GPs continue to dismiss and minimise prescribed drug dependence. They misunderstand or treat it in the same way as addiction, often blaming people who are simply the victims of bad prescribing and they often send patients to existing drug and alcohol services who do not understand prescribed drug dependence. There has been significant opposition against reproviding REST in the way Camden CCG are moving forward with. There is a concern that the culture and expertise of REST will be lost, where the crucial subtleties developed over 30 years of practice will be lost, as high level good intentions do not translate on the ground, leaving service users feeling alienated in services unsuitable for them. On the other hand if Camden CCG are able to truly take on board the level of change needed to provide this kind of service within their existing provision, then could we have what the BMA and Governments are asking for, “adequately resourced specialist support services for prescribed drug dependence”?
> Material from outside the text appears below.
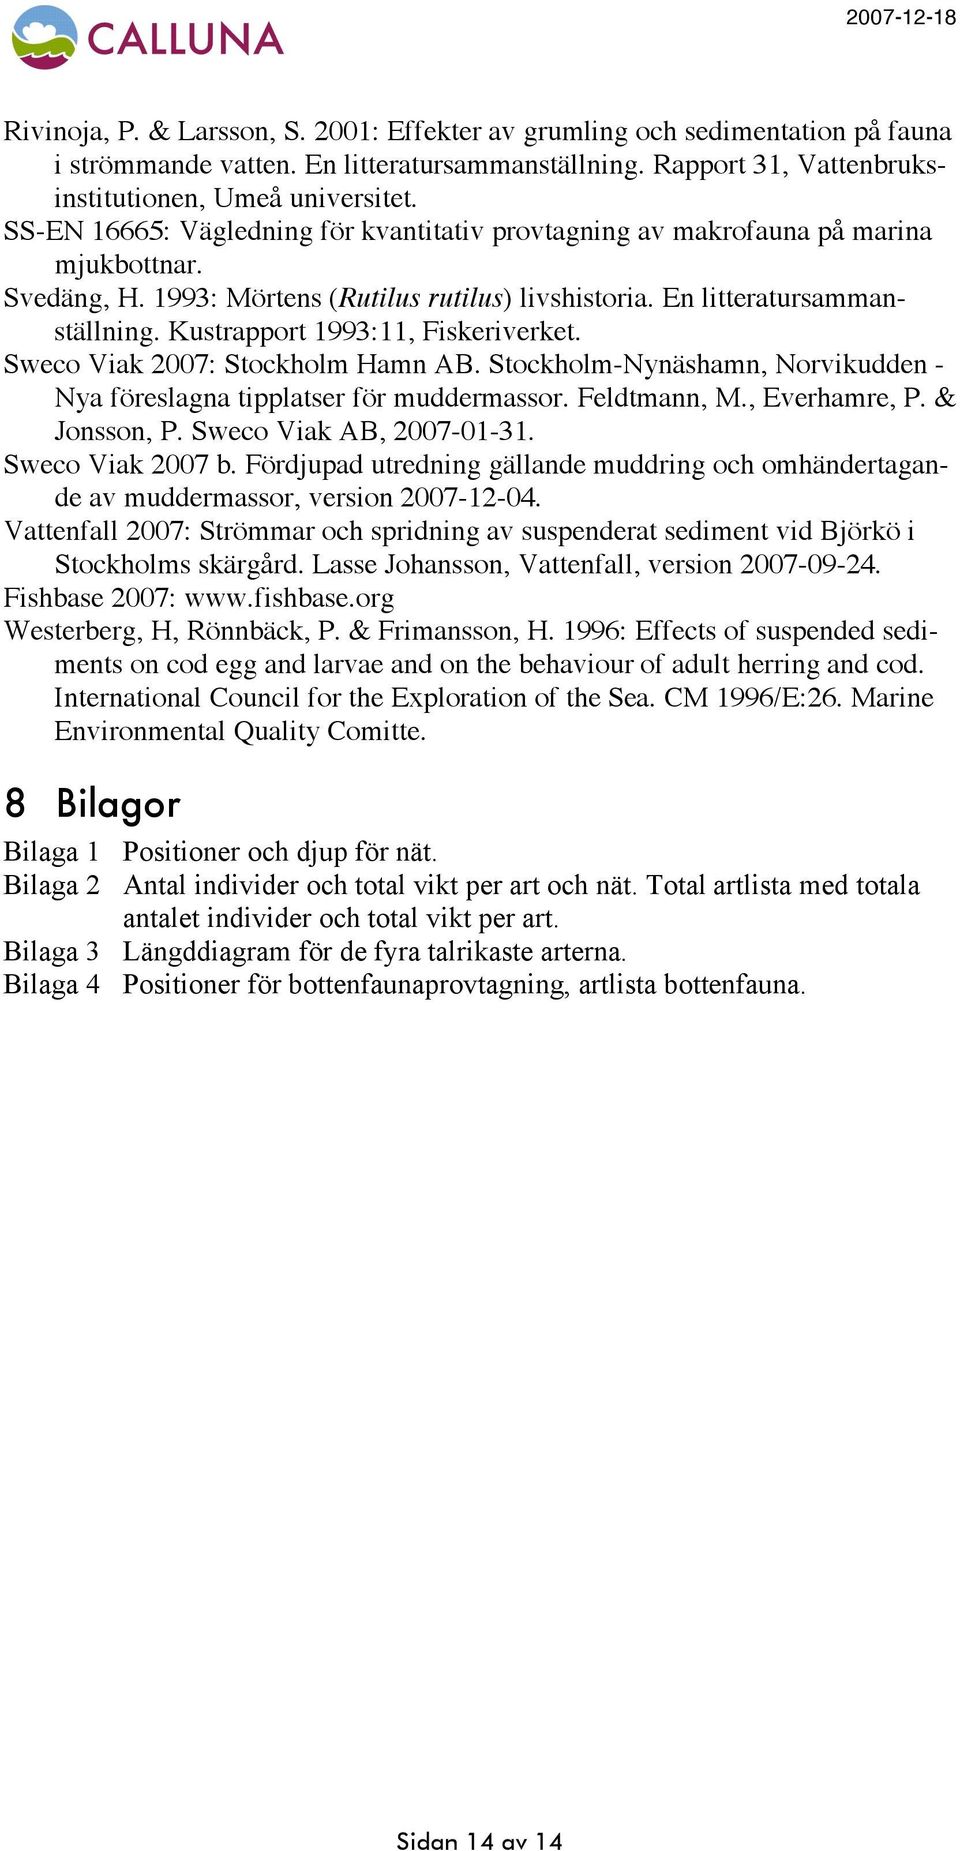 Kustrapport 1993:11, Fiskeriverket. Sweco Viak 2007: Stockholm Hamn AB. Stockholm-Nynäshamn, Norvikudden - Nya föreslagna tipplatser för muddermassor. Feldtmann, M., Everhamre, P. & Jonsson, P.

Patients are suffering the iatrogenic effects of these drugs often leading to disability claims, further health care costs, deaths and additional psychiatric diagnoses. The cost to us socially, individually and economically is unquantifiable. One thing is clear, the more drugs we prescribe and the longer they are prescribed for, the more it will cost to help patients. As the scale of the problem of prescribed drug dependence and lack of specialist support services escalate, we owe it to everyone in the UK inadvertently suffering dependence on prescribed medication now and in the future to learn from REST and experts by experience to build best practice for those suffering.

Patients have two options; remain on the drugs or seek help. At the moment there is “no informed support whatsoever for people in Scotland”. Isn’t it time mental health parity meant helping those who have been harmed by medicine…as would happen with physical Health? You can’t have it both ways Maureen Watt!